For much of this year, we’ve discussed the rising concentration of the S&P 500 among its largest companies. As of 12/16/25, the top 10 companies by market capitalization represent over 40% of the index—one of the highest concentration levels in history.

This week’s chart reflects that reality, but it also highlights something equally important: companies at the top shouldn’t get too comfortable staying there.

The chart below, from JPMorgan, shows the top S&P 500 companies as of the first trading day in 1985, 1995, 2005, 2015, and 2025.

Observation #1: Concentration Has Reached an Extreme

Today’s top four, Apple, Nvidia, Microsoft, and Amazon, represent a larger share of the S&P 500 than the entire top 10 did in prior decades. Overall, today’s top-10 concentration is nearly double the next-highest level, which occurred in 2005.

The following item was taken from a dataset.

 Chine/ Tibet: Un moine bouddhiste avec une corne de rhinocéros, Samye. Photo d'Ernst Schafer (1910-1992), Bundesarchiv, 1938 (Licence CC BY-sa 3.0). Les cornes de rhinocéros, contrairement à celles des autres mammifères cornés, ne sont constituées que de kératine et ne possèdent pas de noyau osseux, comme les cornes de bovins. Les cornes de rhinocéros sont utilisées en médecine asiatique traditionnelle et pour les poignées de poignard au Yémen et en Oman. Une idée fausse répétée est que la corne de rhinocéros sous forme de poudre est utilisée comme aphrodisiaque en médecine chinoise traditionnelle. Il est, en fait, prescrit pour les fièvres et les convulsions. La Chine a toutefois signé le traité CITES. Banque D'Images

Observation #2: Leadership Turns Over Consistently

Looking at overlap from decade to decade:

  • 1995: Only four companies remained from 1985 (Exxon, AT&T, GE, Royal Dutch)
  • 2005: Four remained again, but only three carried over from 1985 (Royal Dutch fell out)
  • 2015: Four remained from 2005, with Procter & Gamble returning after a hiatus
  • 2025: Four remained from 2015, but none from 1985 are still in the top 10

History is clear: Kings don’t always stay kings. Many former leaders still exist and remain large companies, but their dominance has been replaced as technology, behavior, and spending patterns evolve.

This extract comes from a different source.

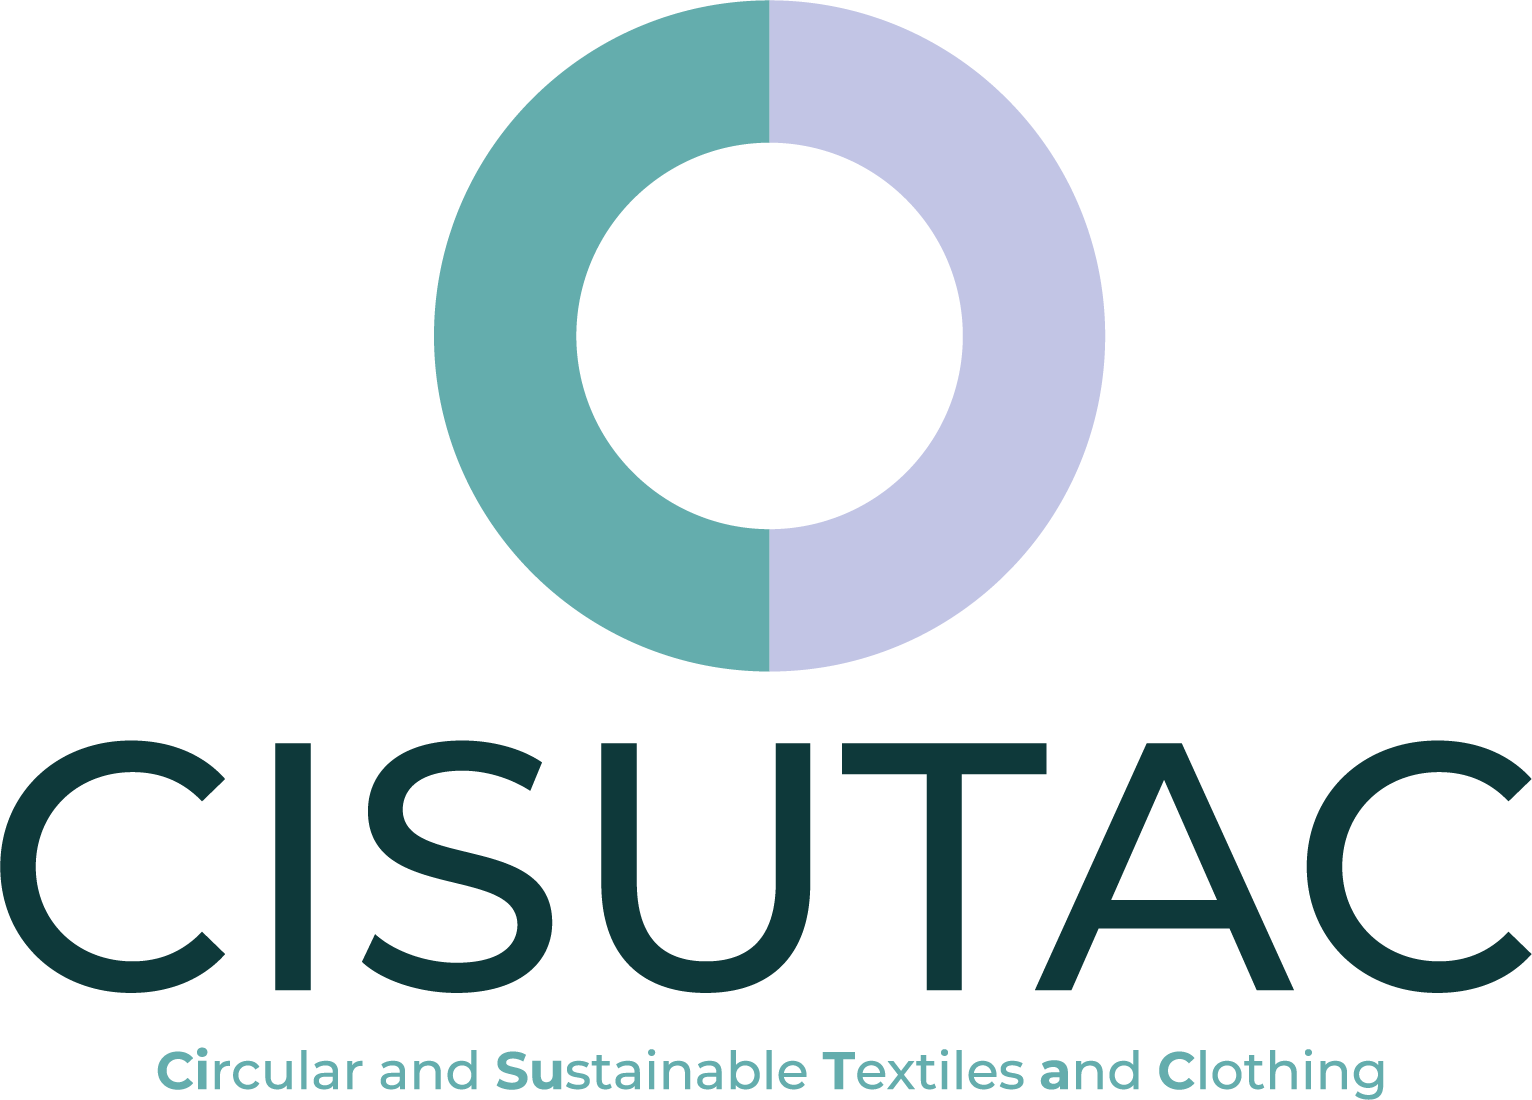 CISUTAC logo colours

Observation #3: Sector Leadership Tells a Story for Each Era

Each decade reflects the prevailing economic theme of its time:

  • 1985: Dominated by oil (Exxon, Shell, Amoco, Royal Dutch)
  • 1995: The rise of consumer brands and retail scale (Walmart, P&G, Coca-Cola, Altria)
  • 2005: Post dot-com dominance of financials (AIG, Bank of America, Citigroup) – this was short-lived after 2008
  • 2015: Apple, nearly bankrupt in 1997, emerges as the largest company
  • 2025: Tech and AI dominate, with JPMorgan and Berkshire the only non-tech exceptions

Looking Ahead: What Might 2035 Hold?

A natural question is whether today’s extreme concentration persists or whether the S&P 500 reverts toward historical diversification. Also, will today’s leaders still dominate a decade from now?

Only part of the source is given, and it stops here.